Она остановила его взмахом рук и снова сложила их на груди.
— Потерпи. Я еще не закончила… Ты вот, к примеру, прокатил поляка в рулежке и, наверно, считаешь, совершил великое. Ворвался ко мне сейчас с таким видом, словно тебе уже по меньшей мере пообещали Золотую Звезду. А тебя за такое, честно, следует высечь хорошей плетью… Теперь давай свое «но».
— Жестоко, Полина! — голос у Иволгина дрогнул. — Кто мог предвидеть, что этот чертов шарнир даст трещину. Притом ведь рулежке — в обед сто лет. С нее песок сыплется.
— Согласна. Тем более! Обязан был предвидеть и принять меры безопасности на тот случай, если деду вздумается самому подняться в воздух.
— Ну ты даешь! — с нехорошим смешком вставил Иволгин. — Травишь, будто сама никогда от земли не отрывалась.

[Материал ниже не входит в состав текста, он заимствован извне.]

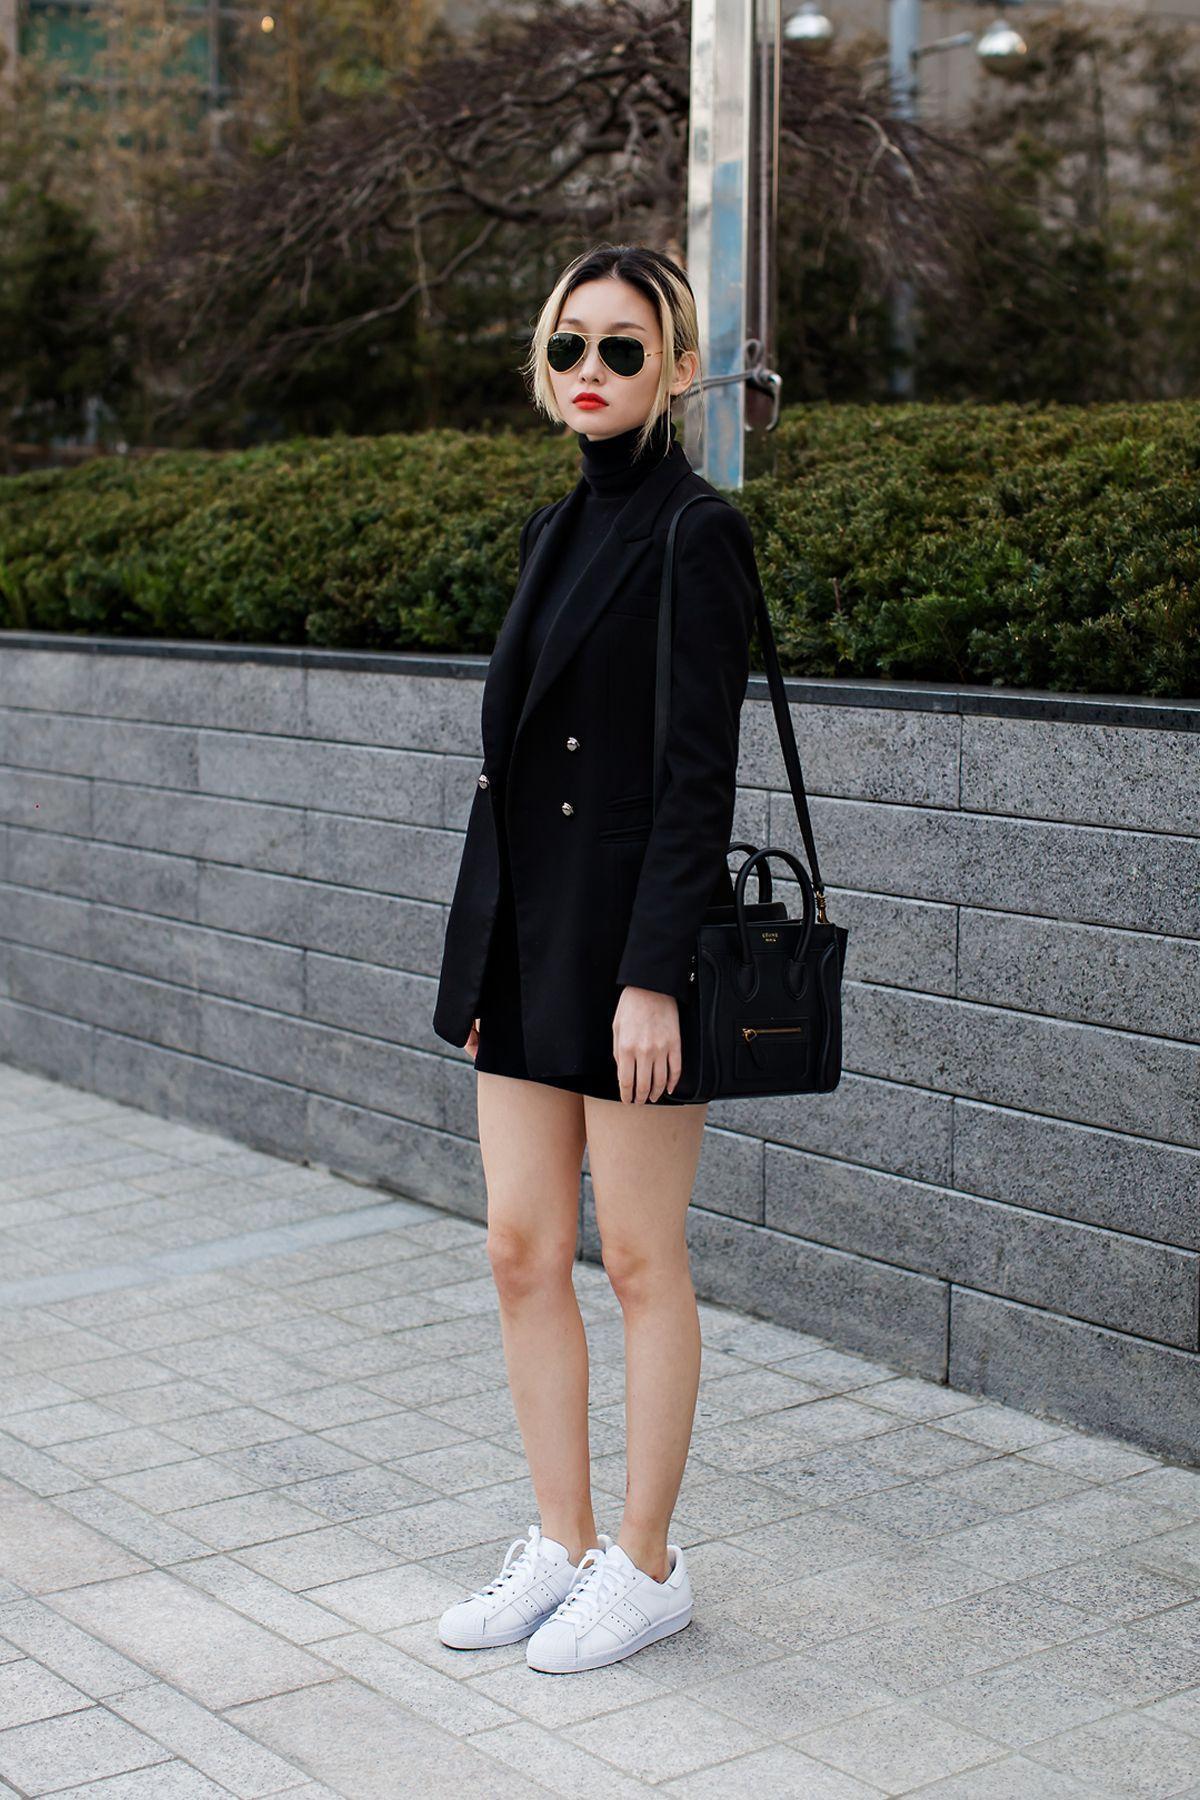 korean fashion trends 8 #koreanfashiontrends#fashion #korean

— Осторожней на поворотах, Иволгин, — сурово сдвинула брови Борщева. — Я с тобой сейчас разговариваю не как Полина, а как командир твой. Не сумел предотвратить ЧП, то и кичиться нечем. Все последующее было уже обыденным. Кстати, ты ведь спасал и свою шкуру. Скажи, что нет?
Низко склонясь, Иволгин глядел в пол, планшет зажал в коленях, а шлемофон перекидывал из руки в руку.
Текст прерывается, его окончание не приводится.